“Seu Varte”
“Seu
Varte”
O
ano era 1967. Um ex-colega de classe do Colégio Comercial Riachuelo,
convidara-me para dividir um quarto com ele, num apartamento em um
prédio construído, aparentemente, nos anos quarenta e poucos. Era
um prédio que tinha um único andar, acima do térreo, na Rua dos
Italianos, esquina com a Rua Silva Pinto, no Bom Retiro, em São
Paulo. Esse ex-colega, hoje médico e amigo, já morava lá. Os donos
do apartamento, eram dois idosos(na época, velhos): seu Eduardo e
dona Iná. A dona Iná tratava meu ex-colega, Walter, por “seu
Varte”. Ela dava mais atenção a ele e o tratava como responsável
por minha admissão como inquilino. Qualquer observação sobre meu
comportamento e disciplina, era o “seu Varte” que me transmitia
as mensagens dela. Por exemplo: ela me pegava no pé,
“indiretamente”, sobre as descargas do vaso sanitário; achava
que eu esquecia de acionar a descarga quando fazia xixi, ou então os
cuidados que eu deveria ter com a válvula que regulava a temperatura
do chuveiro, que era a gás. A partir de meu conhecimento daquelas
advertências eu me corrigia.

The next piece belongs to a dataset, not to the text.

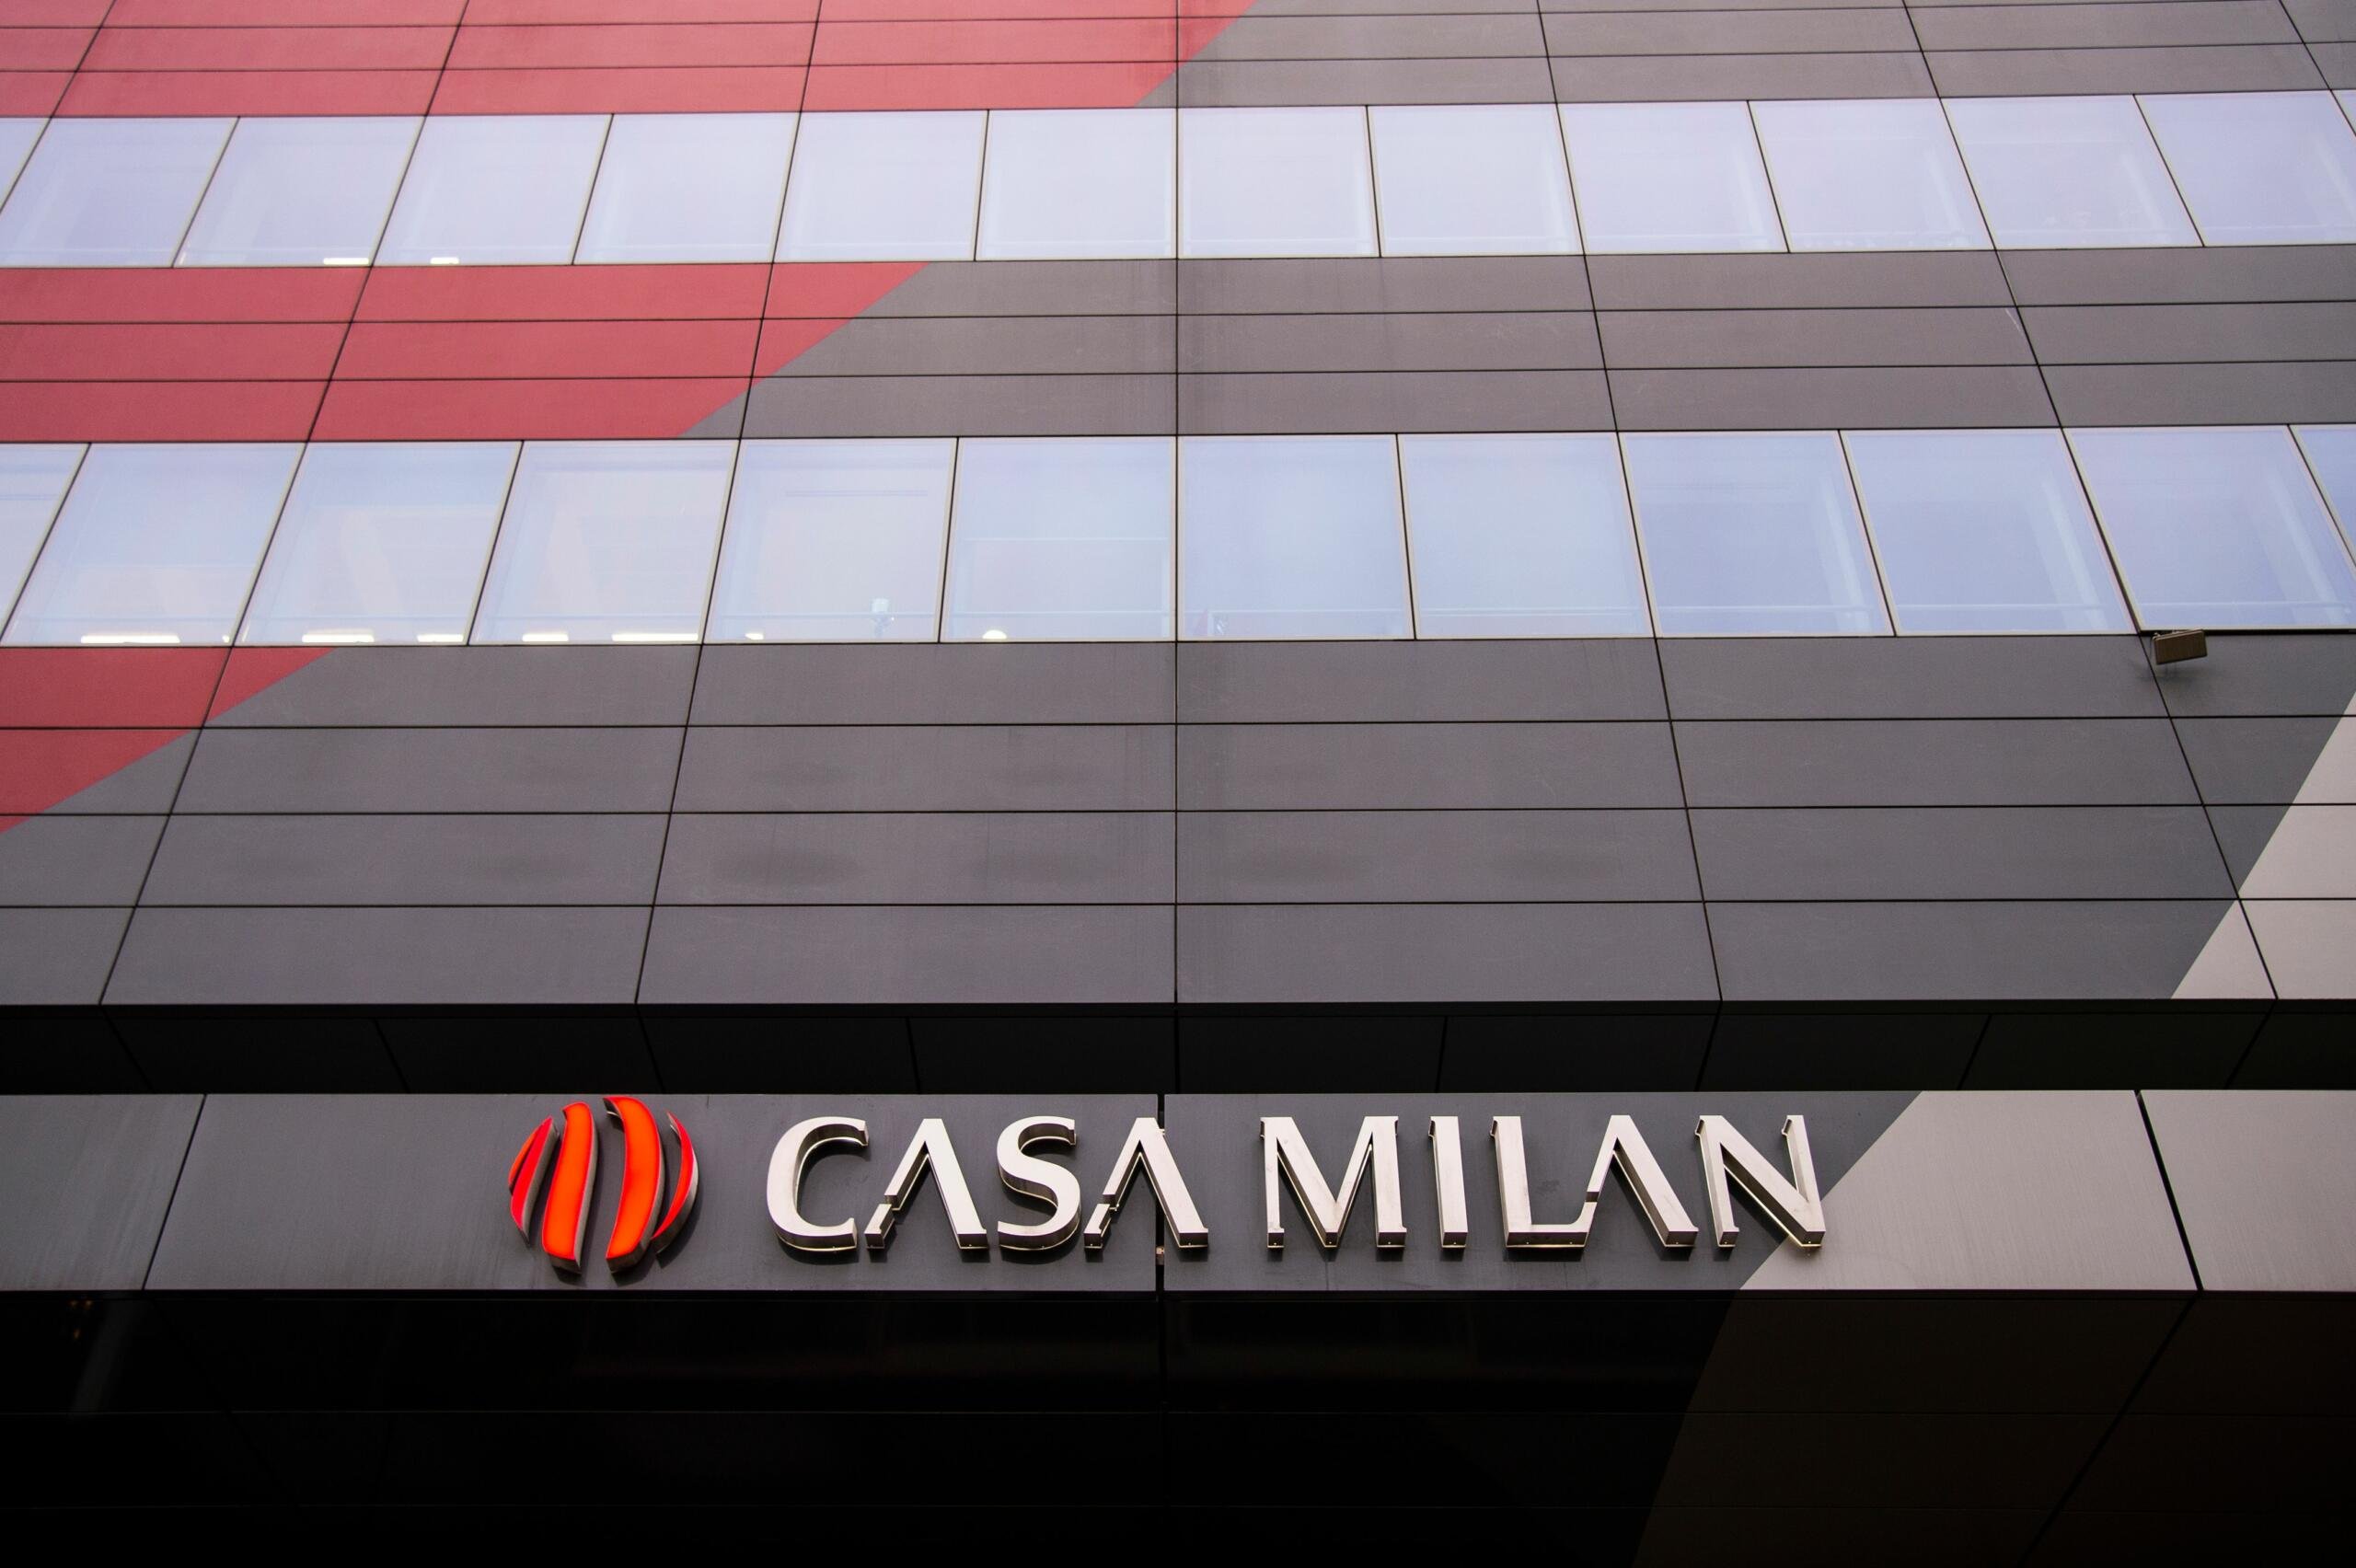 Sala Milan Investcorp

Eu tinha vinte e um anos e o Walter,
mais novo que eu; não me lembro quantos anos. Pelo fato de eu ser
nordestino, há pouco mais de um ano em São Paulo, a dona Iná
entendia que eu não era civilizado, era um matuto do interior da
Paraíba, embora eu já tivesse morado em uma cidade grande que fora
em Recife. O marido de dona Iná, seu
Eduardo, era um senhor muito educado, um gentleman, enquanto
ela era uma caipirona de um sotaque bem interiorano, tinha um jeitão
meio de portuguesa, no corpo, e até notava-se um pequeno bigode. Seu
Eduardo quase sempre tinha um jornal em mãos, enquanto ela ouvia as
fofocas no rádio e na TV branco e preto. Com o tempo furei o
bloqueio e comecei a conversar mais com ela. Ela começou a contar
algumas histórias e foi ganhando confiança em mim. Às vezes falava
cochichando e pedia que eu guardasse segredo. Passei muitas vezes
pelo corredor, antes de entrar no quarto, sem fazer barulho, para ela
não me ver, porque a conversa demorava.
O
Bom Retiro, onde fica o endereço acima, era um bairro comercial.
Ruas cheias de lojas e indústrias têxteis, de propriedade de judeus
e árabes; os chineses quase acabaram com essas atividades. Era um
bairro tranqüilo, principalmente aos Domingos, de um silêncio que
beirava o de um sepulcro. Não ouvia-se falar em assaltante mas sim
em ladrão, o que aos dias de hoje, era quase inofensivo, até
romântico. Podia-se andar por suas ruas de madrugada, sem nenhuma
conseqüência desastrosa.
Costumava
ver o seu Eduardo, saindo do quarto, entrando no corredor, em direção
a cozinha, de roupão sobre o pijamas; dona Iná também de pijamas e
uma malha sobre os ombros, já havia preparado o café da manhã.
Desinformada
sobre o Nordeste, dona Iná, com freqüência me perguntava: “lá
em sua terra tem isso?” Ou então, “como fazem isso lá?”
O
seu Eduardo raramente perguntava, fazia comentários e afirmações:
“li no jornal que a seca está muito forte este ano, em seu
Estado.”
O
quarto tinha duas camas, um armário para guardar nossas roupas e uma
janela tipo guilhotina, que debruçava-se sobre as duas ruas.
Aos
Domingos a tarde torcíamos para sermos convidados para ver o
programa “Jovem Guarda”, na casa de um colega de classe, na mesma
Rua dos Italianos, o Millan Weiss, filho de imigrantes do Leste europeu. Além de vermos o show, a mãe dele
preparava um bom lanche para nós.
Depois
desse endereço, mudamos para um apartamento, em um prédio de uns
quatro andares, na própria a Rua Silva Pinto; daquela citada janela
nós víamos o prédio a esquerda. Mas aí é outra história.